As described above in detail with the embodiments, according to the present invention, an aircraft can maintain a predetermined turning radius even when the flight speed fluctuates. Therefore, the tracking accuracy of the turning course is improved, and accordingly, the tracking accuracy of the entire guidance flight course is also improved.

[Brief description of the drawings]

FIG. 1 is a block diagram of a target guidance bank angle setting unit of an automatic guidance flight system for an aircraft according to an embodiment of the present invention.

FIG. 2 is an explanatory diagram showing an example of a guidance flight course.

FIG. 3 is a block diagram of a target guidance bank angle setting unit of the aircraft automatic guidance flight system according to the related art.

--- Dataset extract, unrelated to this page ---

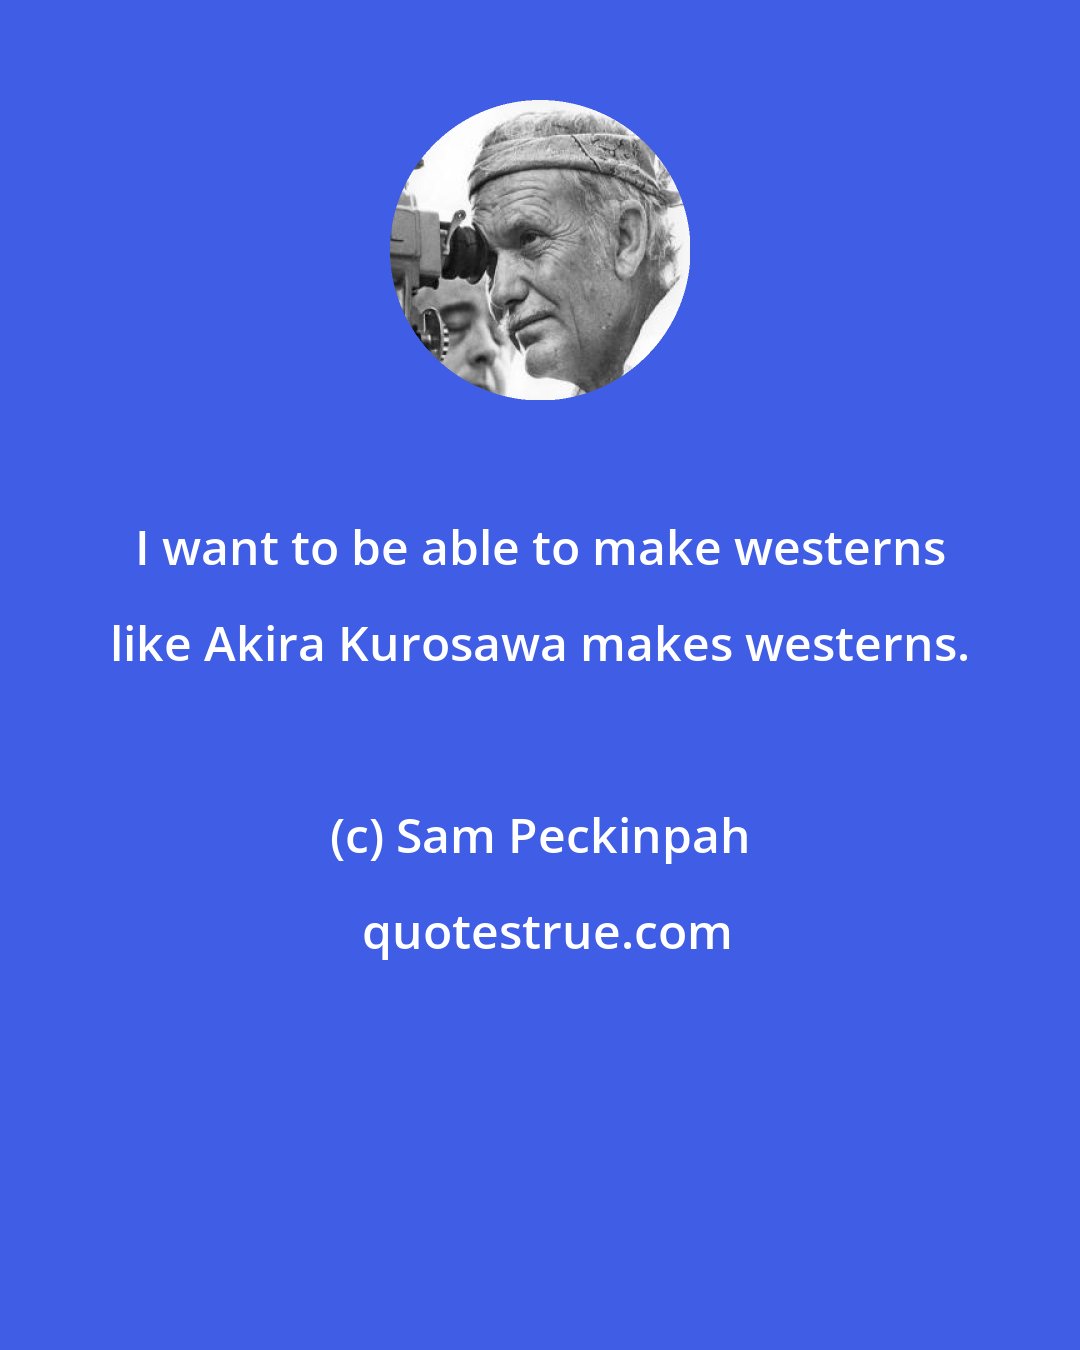 Sam Peckinpah: I want to be able to make westerns like Akira Kurosawa makes westerns.

FIG. 4 is an explanatory diagram showing an external force acting on the aircraft during turning.

[Explanation of symbols]

 Reference Signs List 1 speed ratio calculation unit 2, 3 multiplication unit 4 arctangent function calculation unit 5 guidance bank angle calculation unit 6 limiter 7 flight speed 8 limit value 9 straight course azimuth angle 10 course deviation angle 11 nose azimuth angle 12 fuselage advancing direction 13 Guidance bank angle 14 Target guidance bank angle 21 Turning course 22 Straight course 23 Guidance flight course

──────────────────────────────────────────────────続 き Continuation of front page (72) Inventor Naoyuki Yamashita Nagoya Aerospace System Works, Mitsubishi Heavy Industries, Ltd. 10 Oecho, Minato-ku, Nagoya-shi, Aichi (56) References JP-A-60-25896 (JP, A JP-A-5-69896 (JP, A) JP-A-4-254294 (JP, A) JP-A-62-221996 (JP, A) JP-A-55-19675 (JP, A) (58) Field (Int.Cl. ⁷ , DB name) G05D 1/10 B64C 13/18

Claims (1)

(57) [Claims] 1. A first calculation unit for calculating a guidance bank angle based on data representing a flight state of an aircraft, a flight speed of the aircraft is input, the flight speed is set, and the flight speed and a turning course are set. corrected by the ratio between the initial flight speed in, the flight speed after the correction, the handed
Divide the predetermined turn rate when setting the round course by the acceleration of gravity.
Multiplied by the predetermined turning rate conversion coefficient
A second arithmetic unit for determining a bank angle for holding the turning radius of the orbiting course by the arctangent function operation for inputs and said bank angle and the induction bank angle, the induction bank angle , and wherein to limit the bank angle as a limit value, with a target induced bank angle setting unit and a limiter unit for outputting as a target derived bank angle for the aircraft to track the pre Ki旋 times course Guided aircraft flight system.